There are two sparse files. They are proved identical by diff. But it took 20 minutes (too long time) to compare. I am thinking of taring them into tiny files to speed up the comparison. But they tar into different outputs.
They are 512GB huge sparse files, with only around 40K meaningful data.
% ls -l sparse_file_one/
total 40
-rw-r--r-- 1 midnite midnite 512711720960 Mar 4 23:12 sdd.img
% ls -l sparse_file_two/
total 48
-rw-r--r-- 1 midnite midnite 512711720960 Mar 4 23:13 sdd.img
% du sparse_file_one/sdd.img
40 sparse_file_one/sdd.img
% du sparse_file_two/sdd.img
48 sparse_file_two/sdd.img
diff comparison takes 20 minutes. They are proved identical.
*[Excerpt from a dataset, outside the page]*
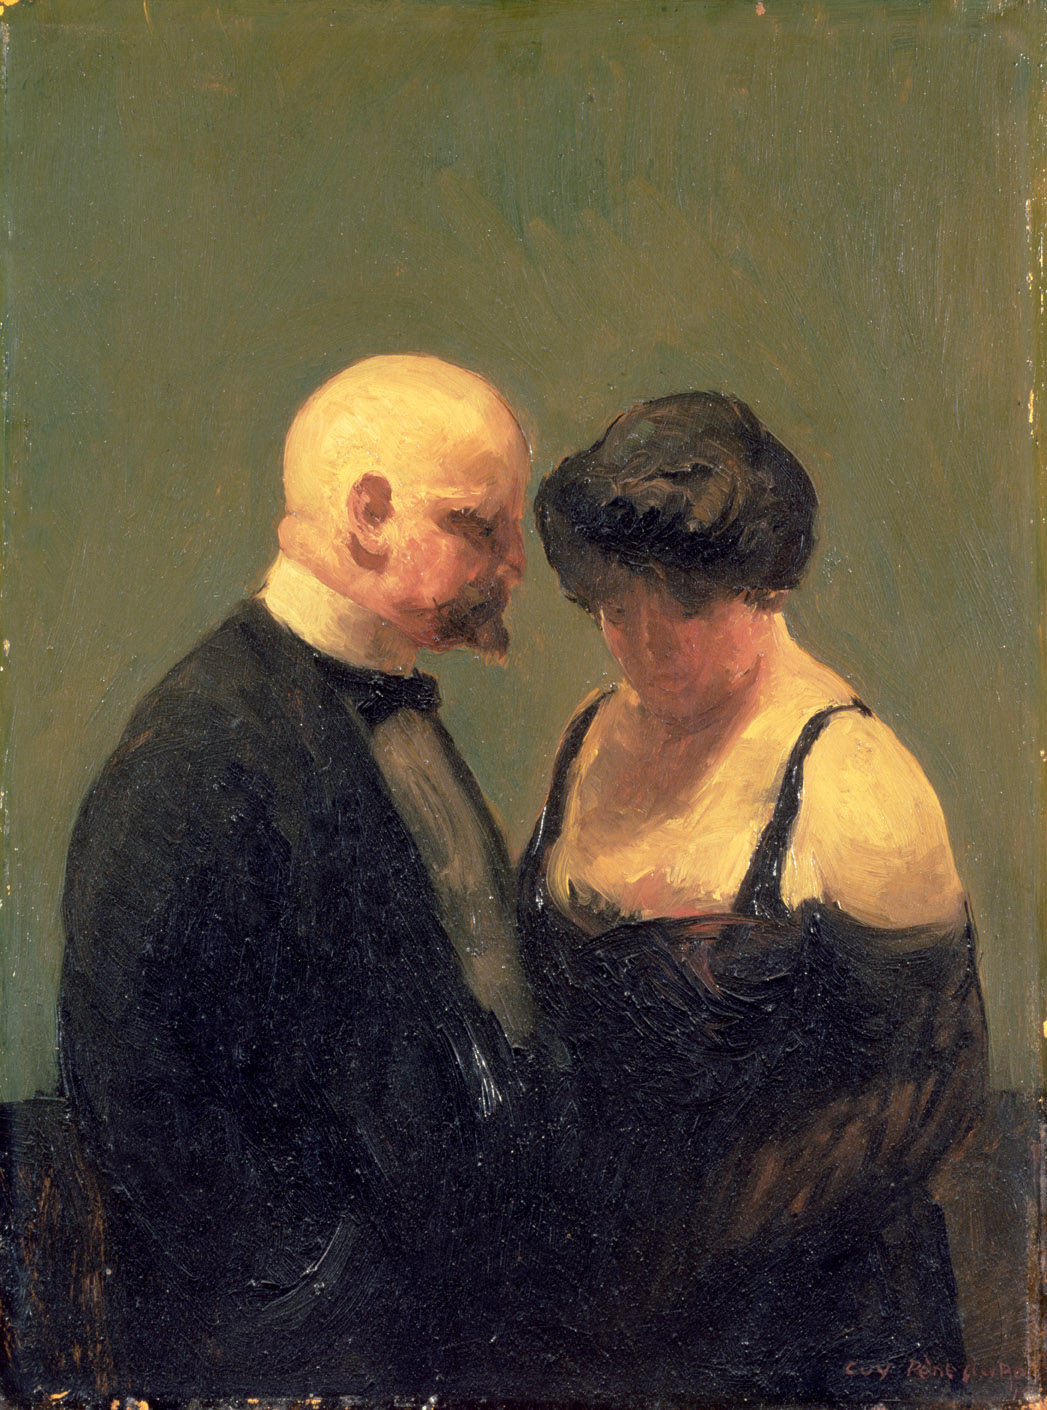 The Confidence Man, by Guy Pène du Bois, 1919. Brooklyn Museum of Art, New York.
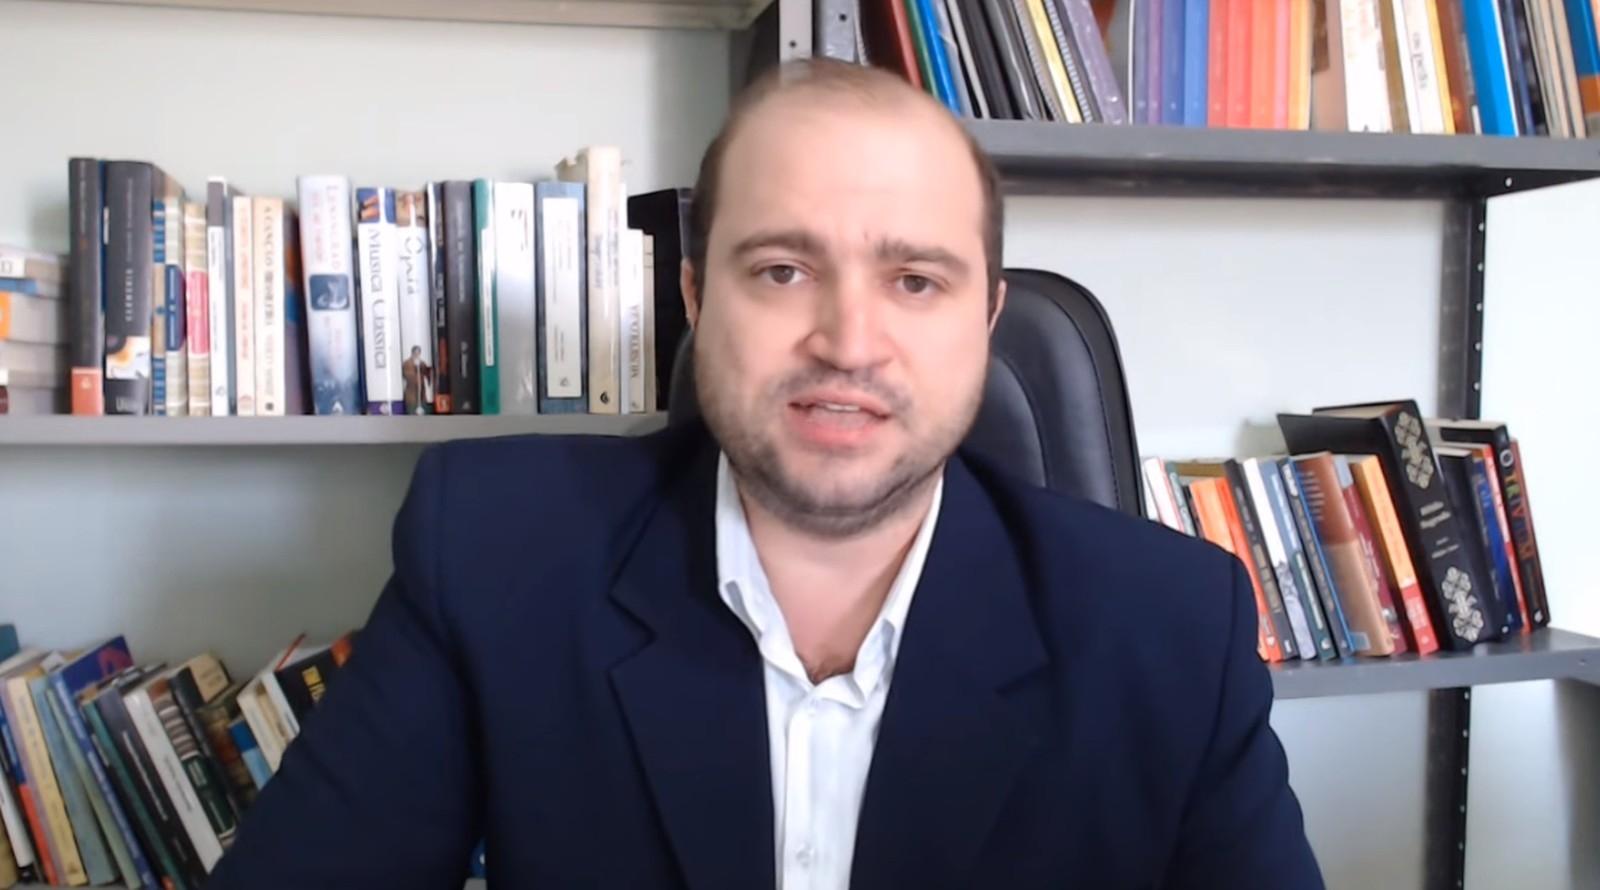 Novo presidente da Funarte, Dante Mantovani

% diff -qs --speed-large-files sparse_file_one/sdd.img sparse_file_two/sdd.img | pv
68.0 B 0:20:57 [55.4miB/s] [ <=> ]
Files sparse_file_one/sdd.img and sparse_file_two/sdd.img are identical
As their du disk usages differ, I look into filefrag and confirm that their internal representations differ.
% filefrag -v sparse_file_one/sdd.img
Filesystem type is: ef53
File size of sparse_file_one/sdd.img is 512711720960 (125173760 blocks of 4096 bytes)
ext: logical_offset: physical_offset: length: expected: flags:
0: 0.. 0: 6866944.. 6866944: 1:
1: 8192.. 8194: 6852608.. 6852610: 3: 6875136:
2: 12288.. 12288: 6854656.. 6854656: 1: 6856704:
3: 16384.. 16384: 6868992.. 6868992: 1: 6858752:
4: 16448.. 16449: 6869056.. 6869057: 2:
5: 16512.. 16512: 6869120.. 6869120: 1: last
sparse_file_one/sdd.img: 4 extents found
% filefrag -v sparse_file_two/sdd.img
Filesystem type is: ef53
File size of sparse_file_two/sdd.img is 512711720960 (125173760 blocks of 4096 bytes)
ext: logical_offset: physical_offset: length: expected: flags:
0: 0.. 0: 6871040.. 6871040: 1:
1: 8192.. 8195: 6856704.. 6856707: 4: 6879232:
2: 12288.. 12288: 6858752.. 6858752: 1: 6860800:
3: 16384.. 16384: 6860800.. 6860800: 1: 6862848:
4: 16448.. 16449: 6860864.. 6860865: 2:
5: 16512.. 16512: 6860928.. 6860928: 1:
6: 125173759..125173759: 132128862.. 132128862: 1: 132018175: last,eof
sparse_file_two/sdd.img: 5 extents found
tar completes promptly. It takes literally no time. But the tar output sizes differ. No wonder they will not be compared identical.
% cd ../sparse_file_one/
sparse_file_one % tar -cvSf sdd.img.tar --mtime=@0 sdd.img | pv
tar: Option --mtime: Treating date '@0' as 1970-01-01 08:00:00
sdd.img
8.00 B 0:00:00 [26.2KiB/s] [ <=> ]
sparse_file_one % ls -l
total 80
-rw-r--r-- 1 midnite midnite 512711720960 Mar 4 23:12 sdd.img
-rw-r--r-- 1 midnite midnite 40960 Mar 5 00:22 sdd.img.tar
% cd ../sparse_file_two
sparse_file_two % tar -cvSf sdd.img.tar --mtime=@0 sdd.img | pv
tar: Option --mtime: Treating date '@0' as 1970-01-01 08:00:00
sdd.img
8.00 B 0:00:00 [ 520KiB/s] [ <=> ]
sparse_file_two % ls -l
total 100
-rw-r--r-- 1 midnite midnite 512711720960 Mar 4 23:13 sdd.img
-rw-r--r-- 1 midnite midnite 51200 Mar 5 00:23 sdd.img.tar
(With reference to this post, nullifying the mtime makes identical tar archives. I could make identical archives from other identical sparse or non-sparse files. But this behaviour is apparently not guaranteed.)
(According to this post, if I could extract the content of a sparse file with less than 10 minutes, it would be faster to verify they are identical. But I do not know python. It would be nice if certain Linux native program could do it.)
PS - I would prefer using diff to cmp for the directory recursive comparison possibility.